*** Opening SOURCE MATERIAL ***

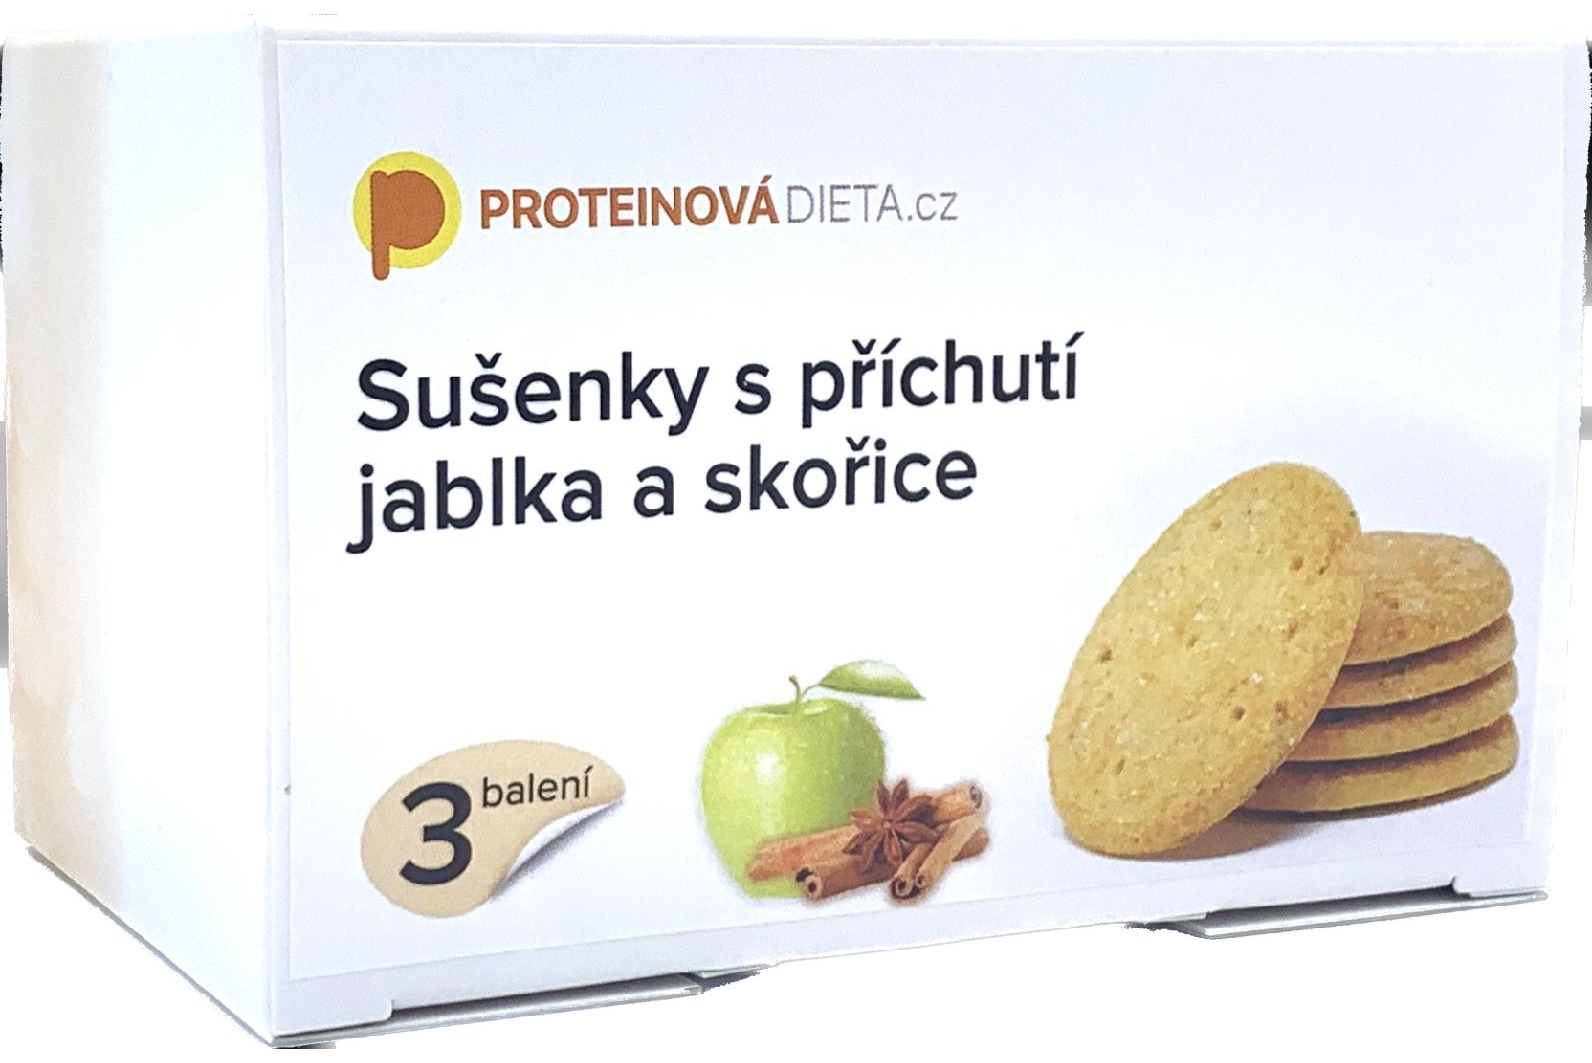 Proteinová Dieta Sušenky s příchutí JABLKA a SKOŘICE (3 balení)
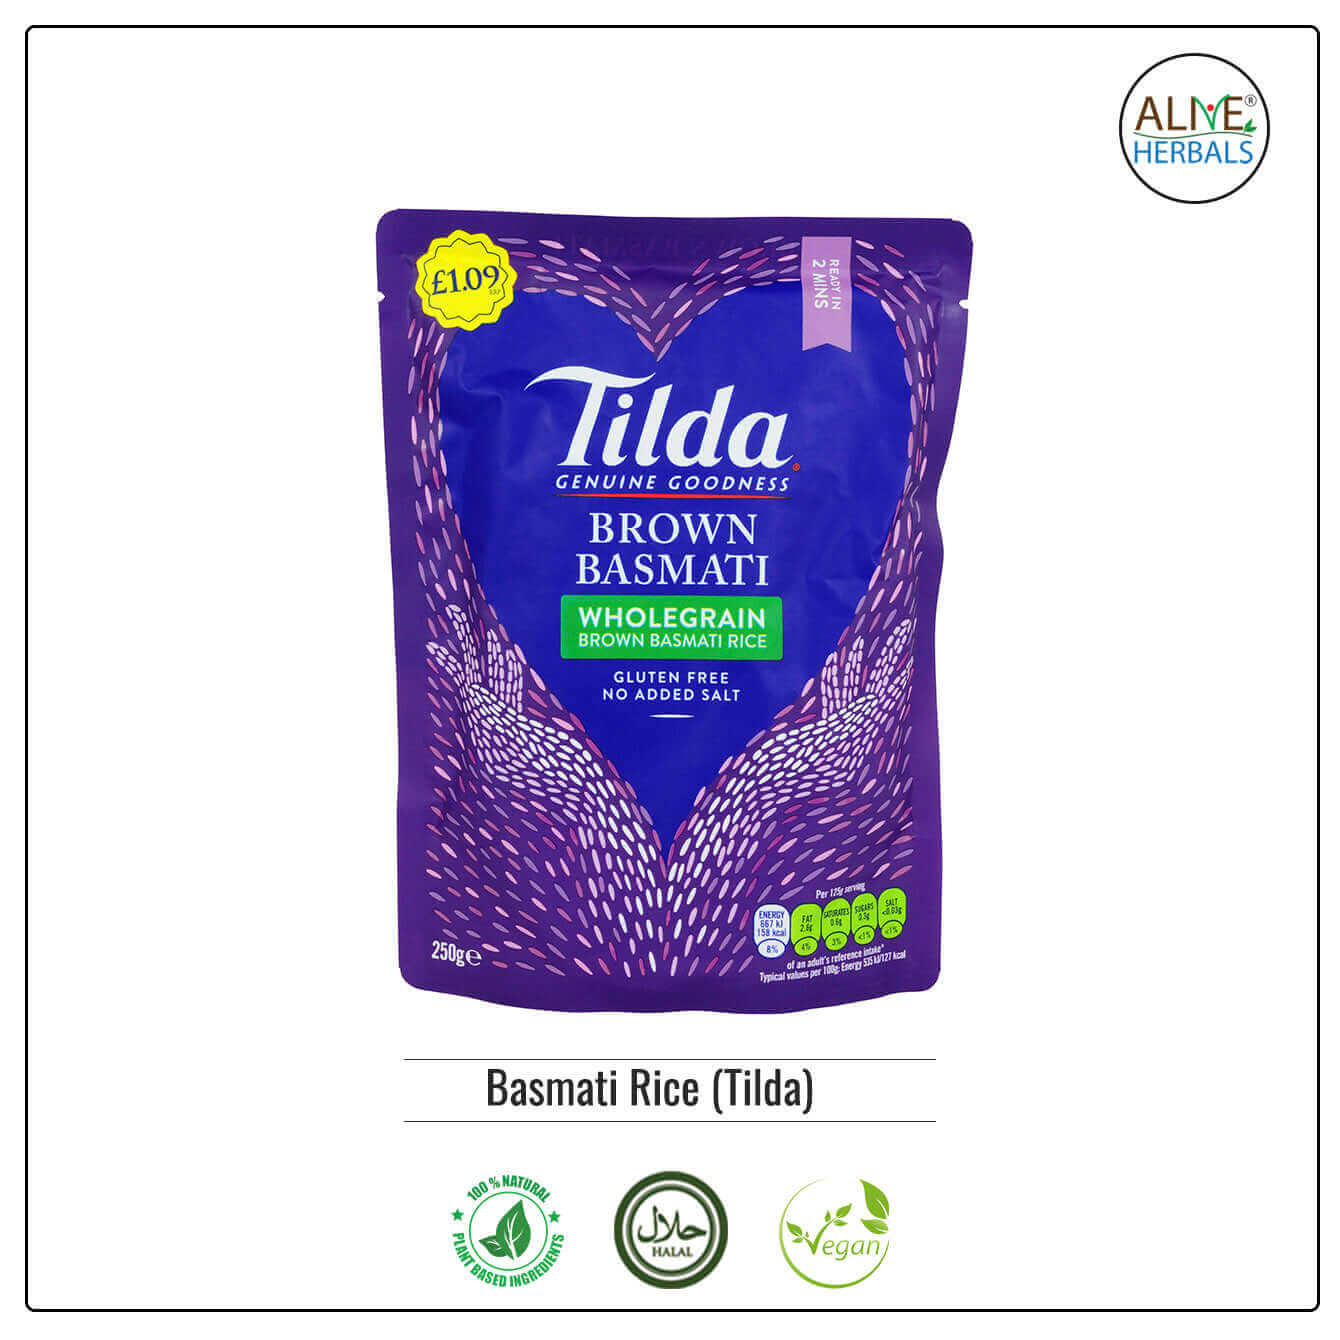 Tilda Basmati Rice - Shop at Natural Food Store | Alive Herbals.
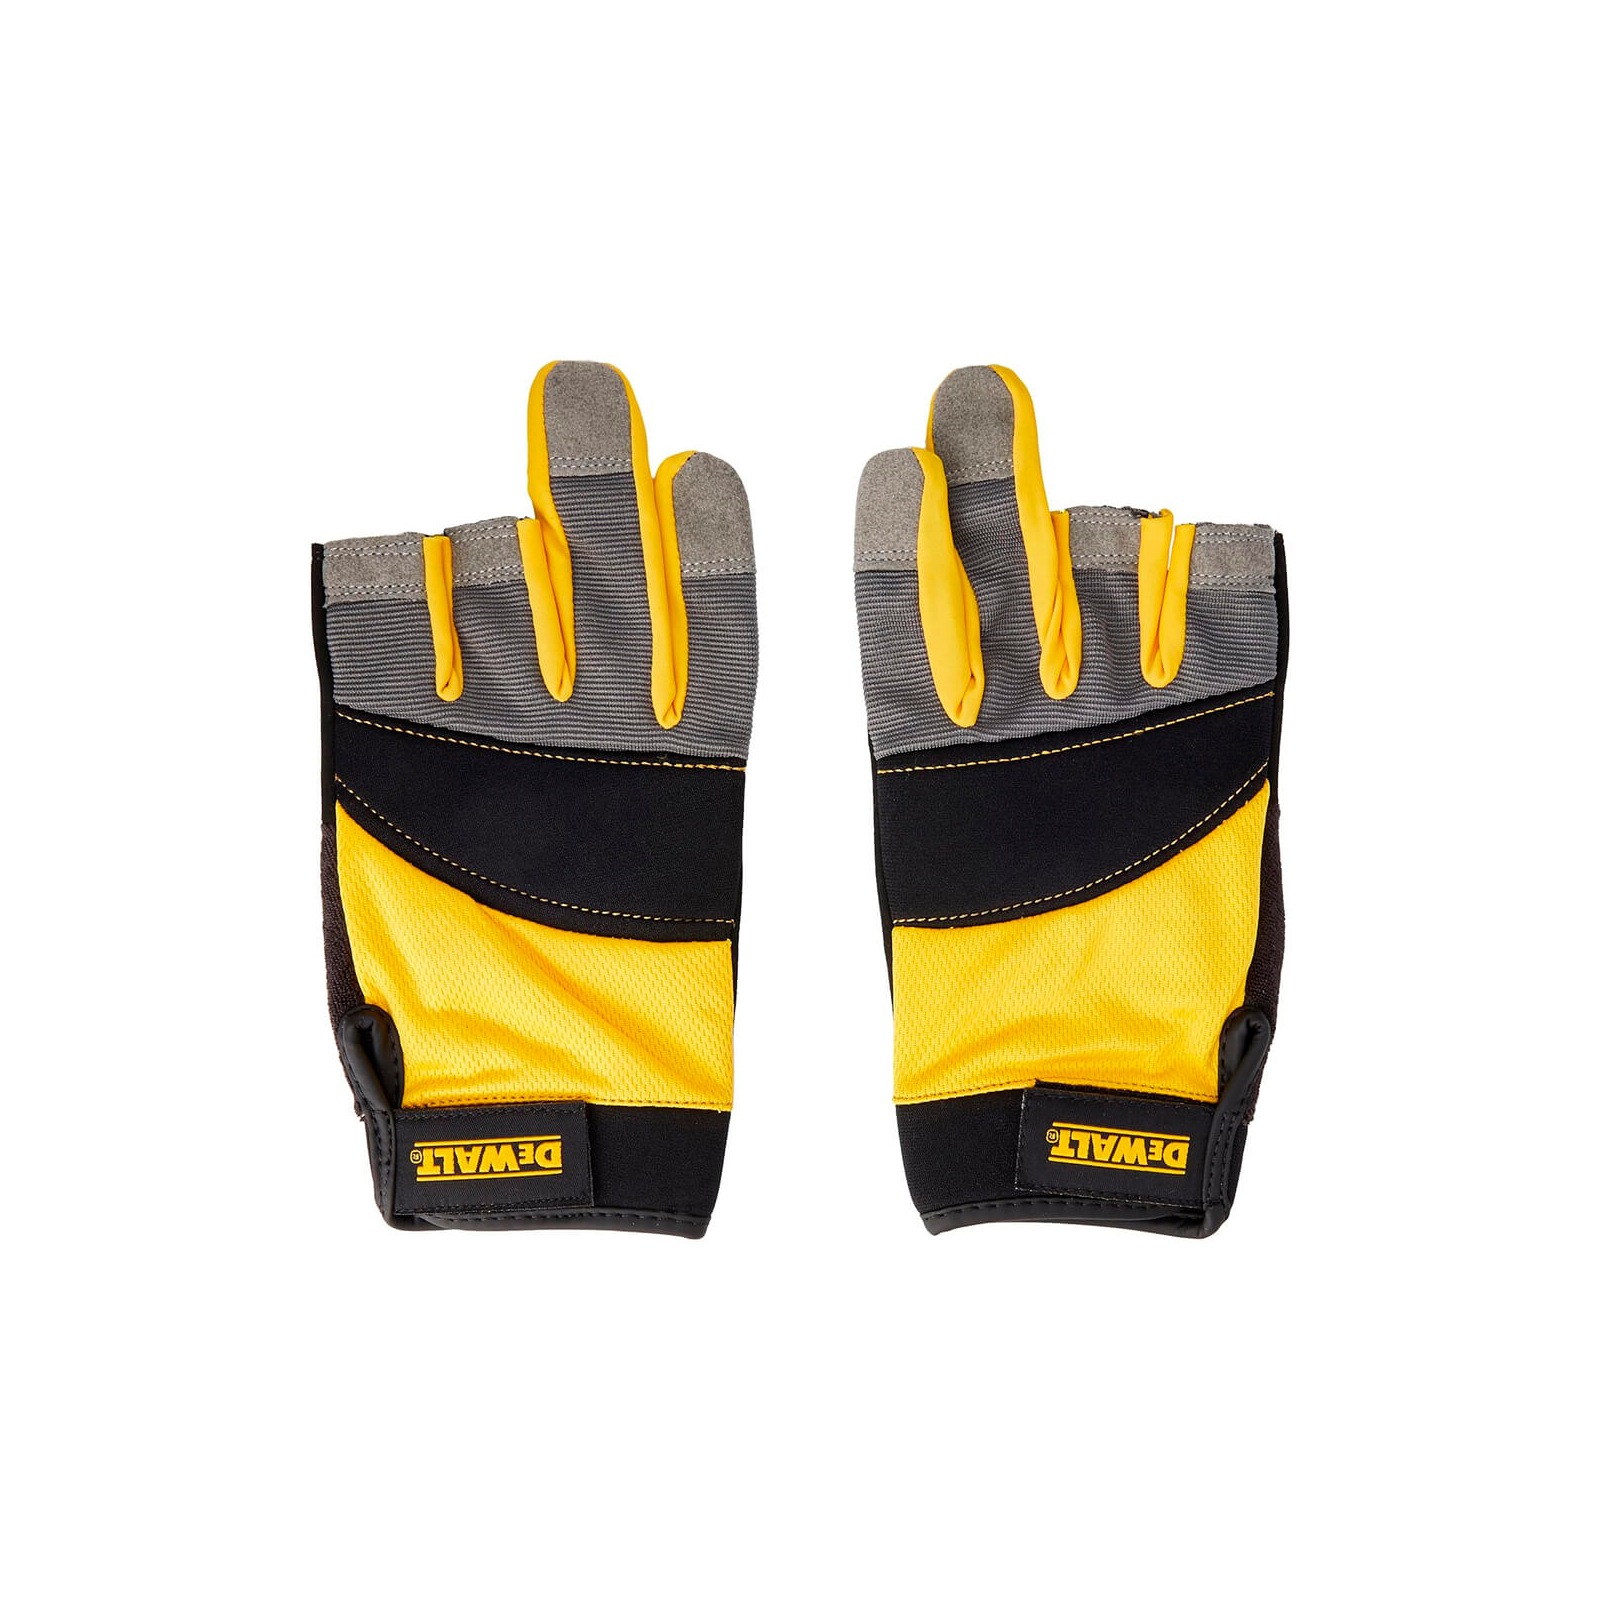 Захисні рукавиці DeWALT частково відкриті, розм. L/9, з накладками на долоні (DPG214L)

*** Closing SOURCE MATERIAL ***

ASSIGNMENT: Return the material exactly as given, apart from the pictures.

SOLUTION FOR THIS PROBLEM:
 Proteinová Dieta Sušenky s příchutí JABLKA a SKOŘICE (3 balení)
 Tilda Basmati Rice - Shop at Natural Food Store | Alive Herbals.
 Захисні рукавиці DeWALT частково відкриті, розм. L/9, з накладками на долоні (DPG214L)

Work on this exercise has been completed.